■ What you should do ■
Drop every picture, then print the rest of the listing exactly as given.

■ Data ■
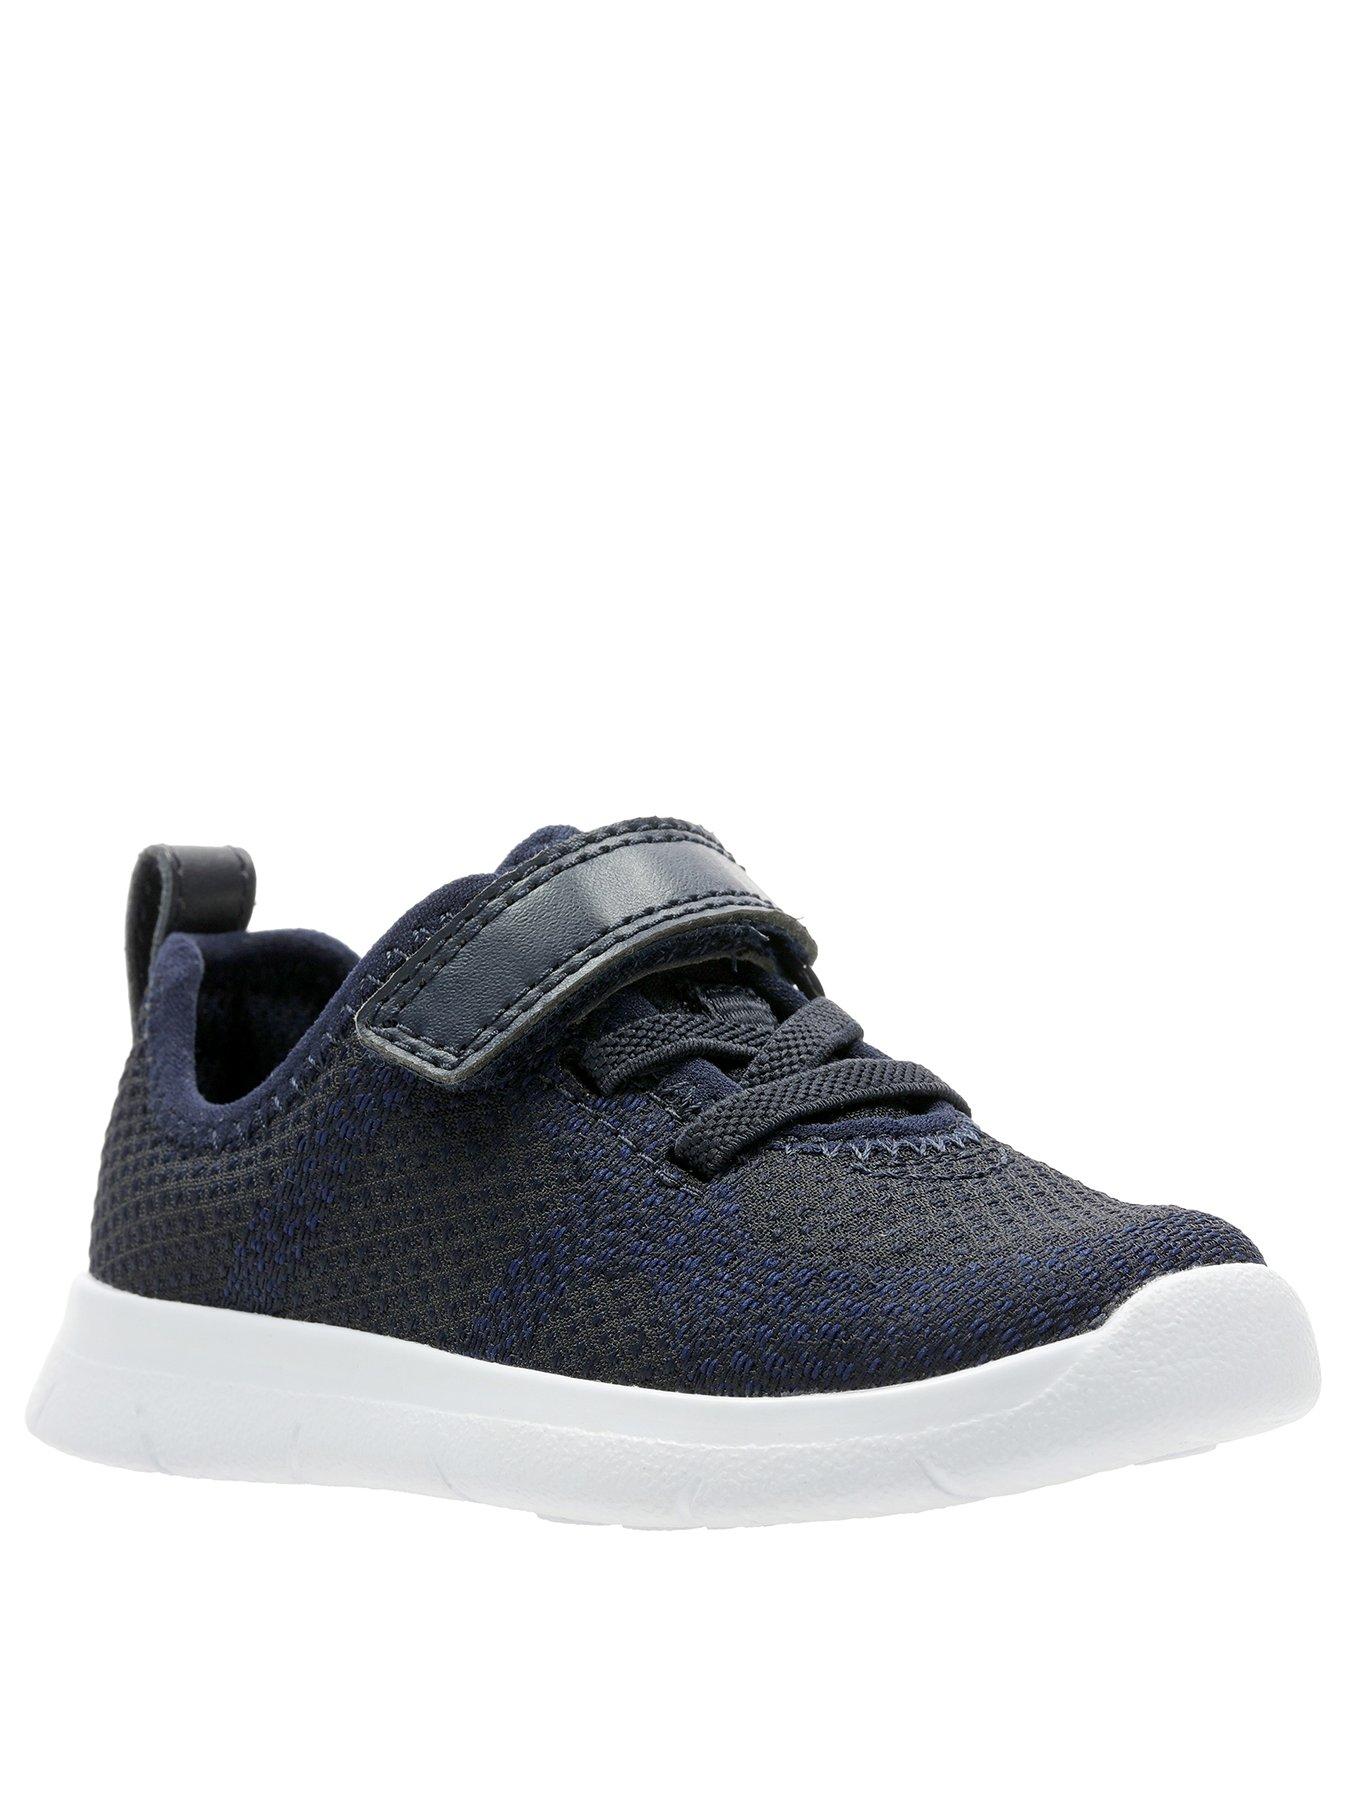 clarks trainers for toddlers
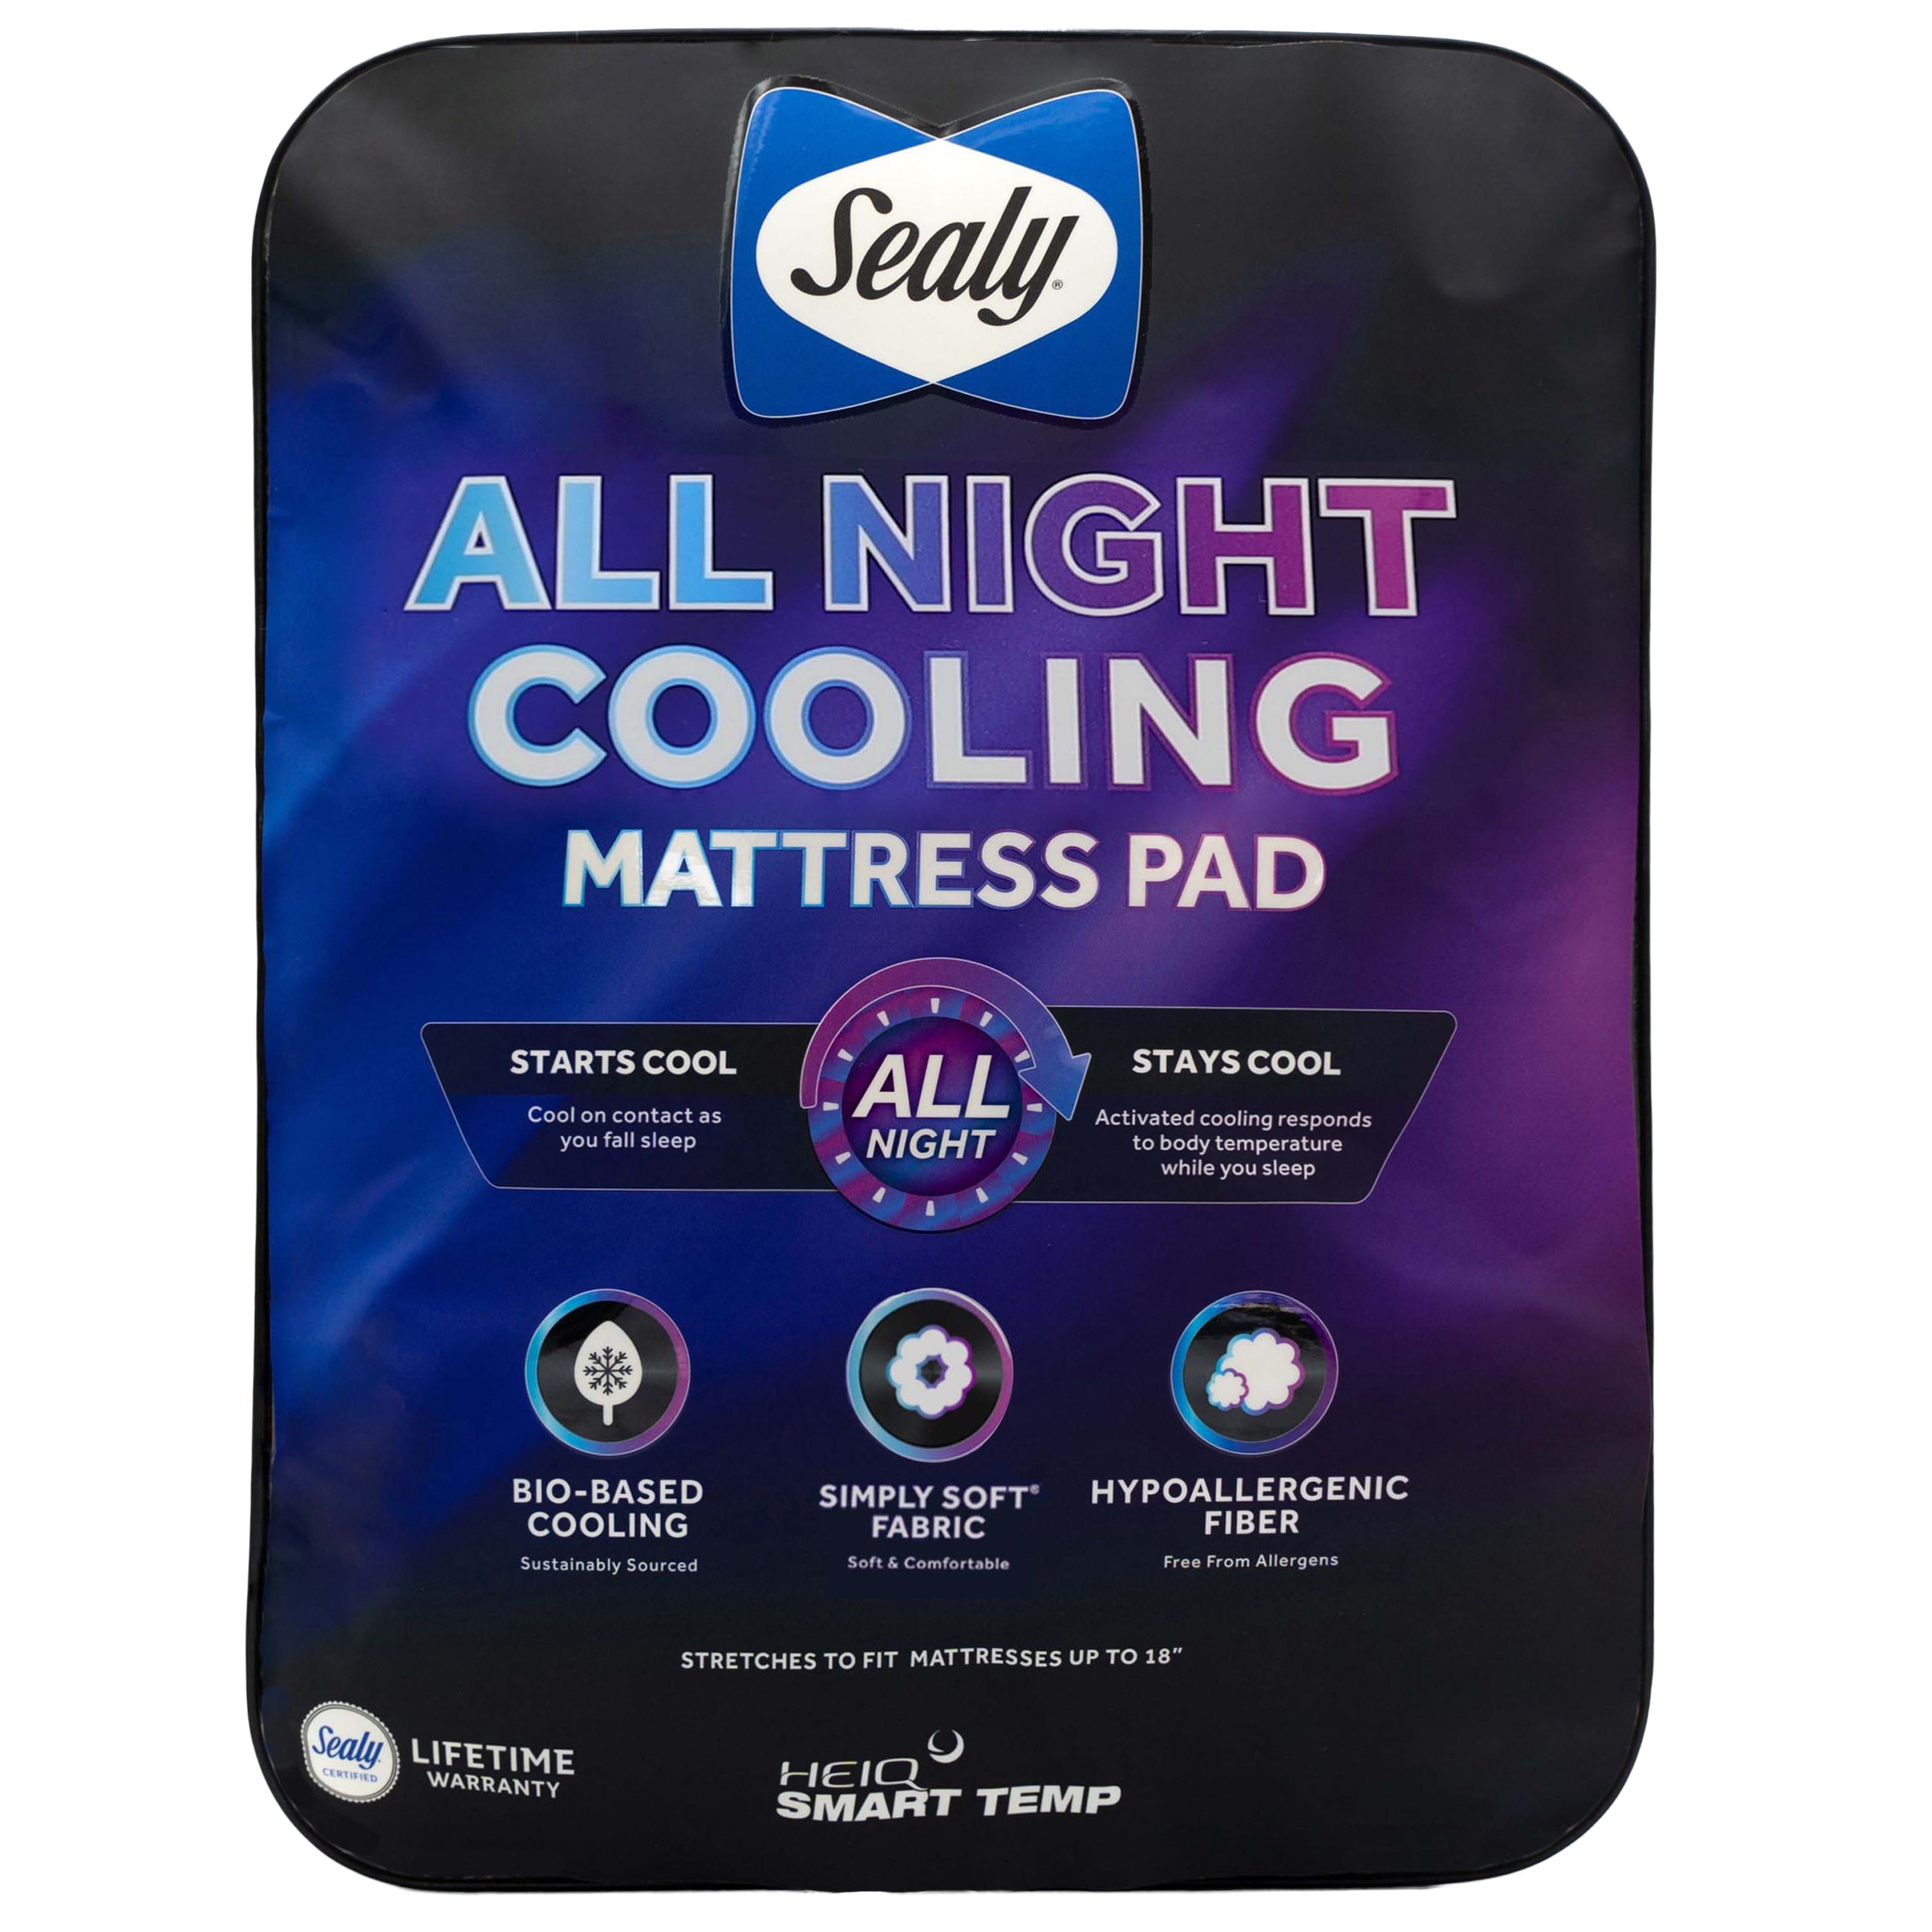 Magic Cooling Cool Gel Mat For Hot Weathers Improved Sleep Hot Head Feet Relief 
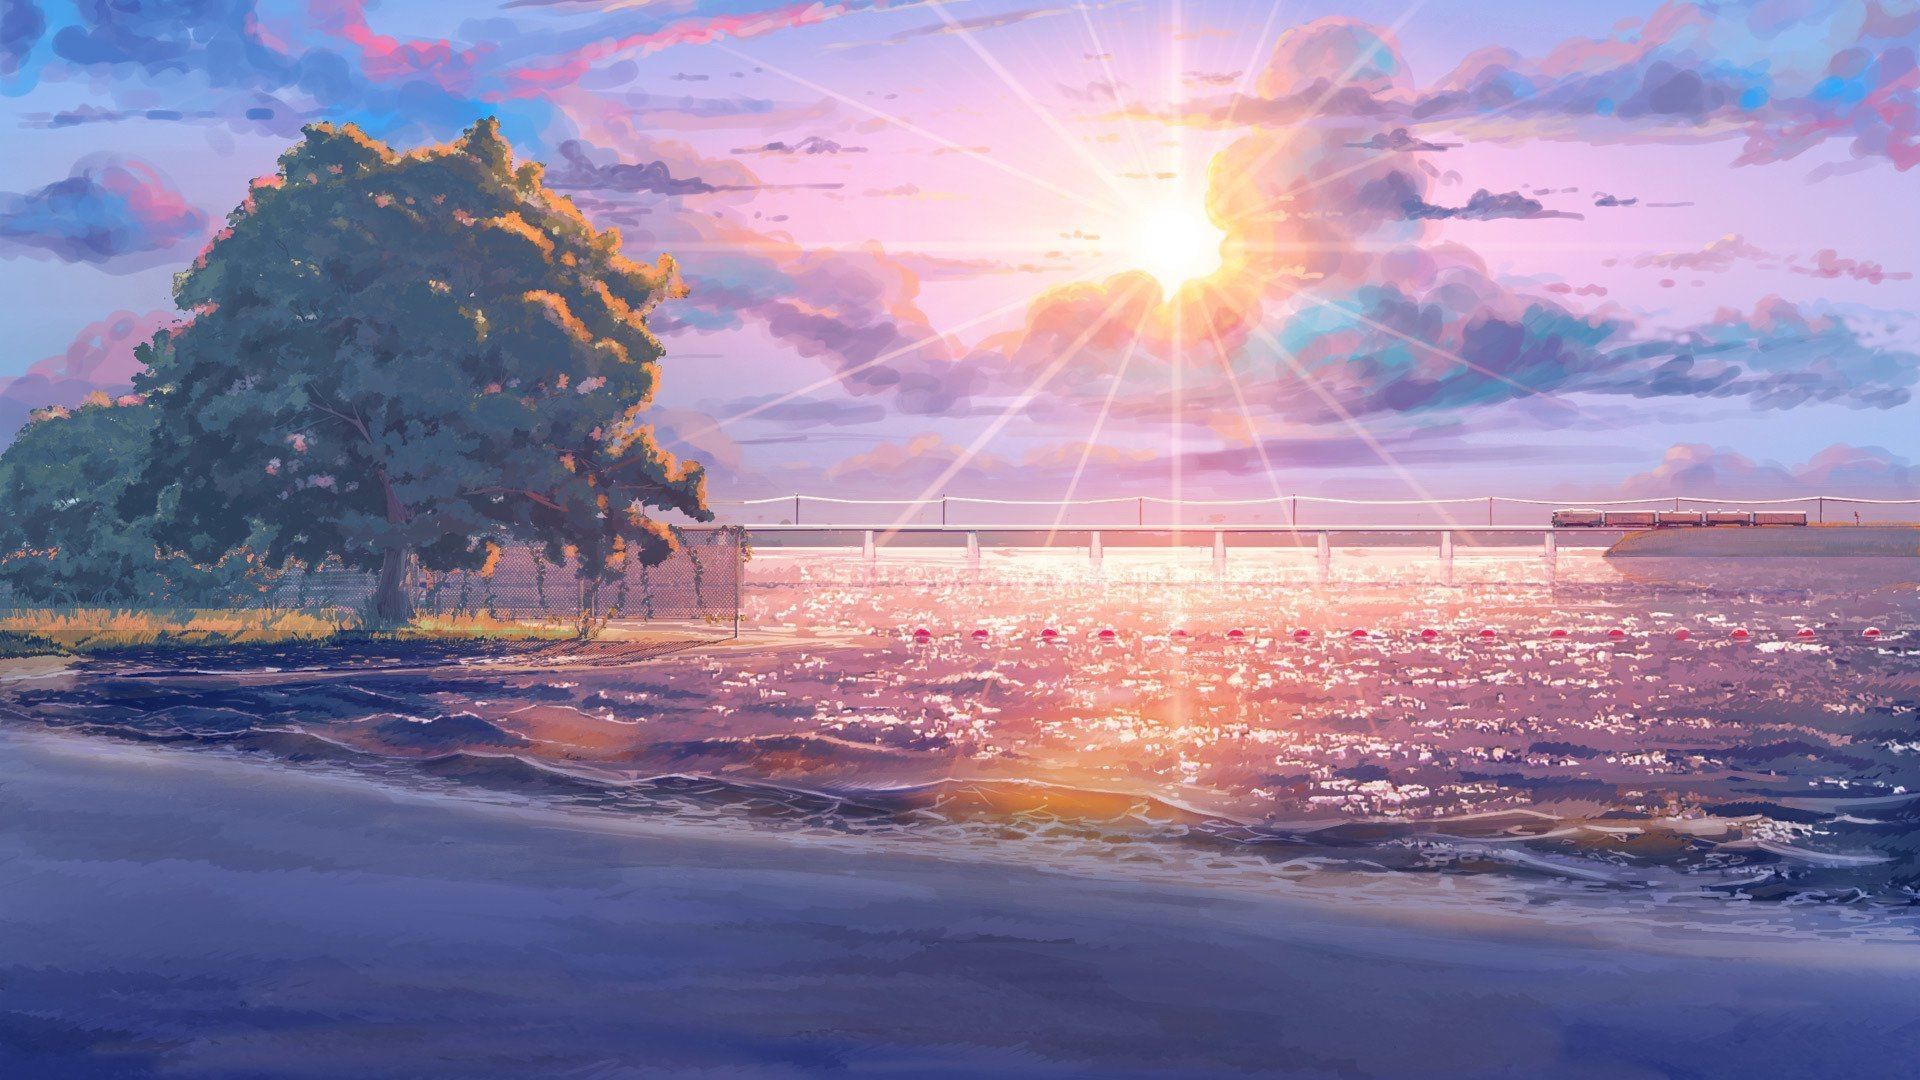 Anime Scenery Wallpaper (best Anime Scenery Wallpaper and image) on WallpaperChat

■ Reply to the task ■
 clarks trainers for toddlers
 Magic Cooling Cool Gel Mat For Hot Weathers Improved Sleep Hot Head Feet Relief 
 Anime Scenery Wallpaper (best Anime Scenery Wallpaper and image) on WallpaperChat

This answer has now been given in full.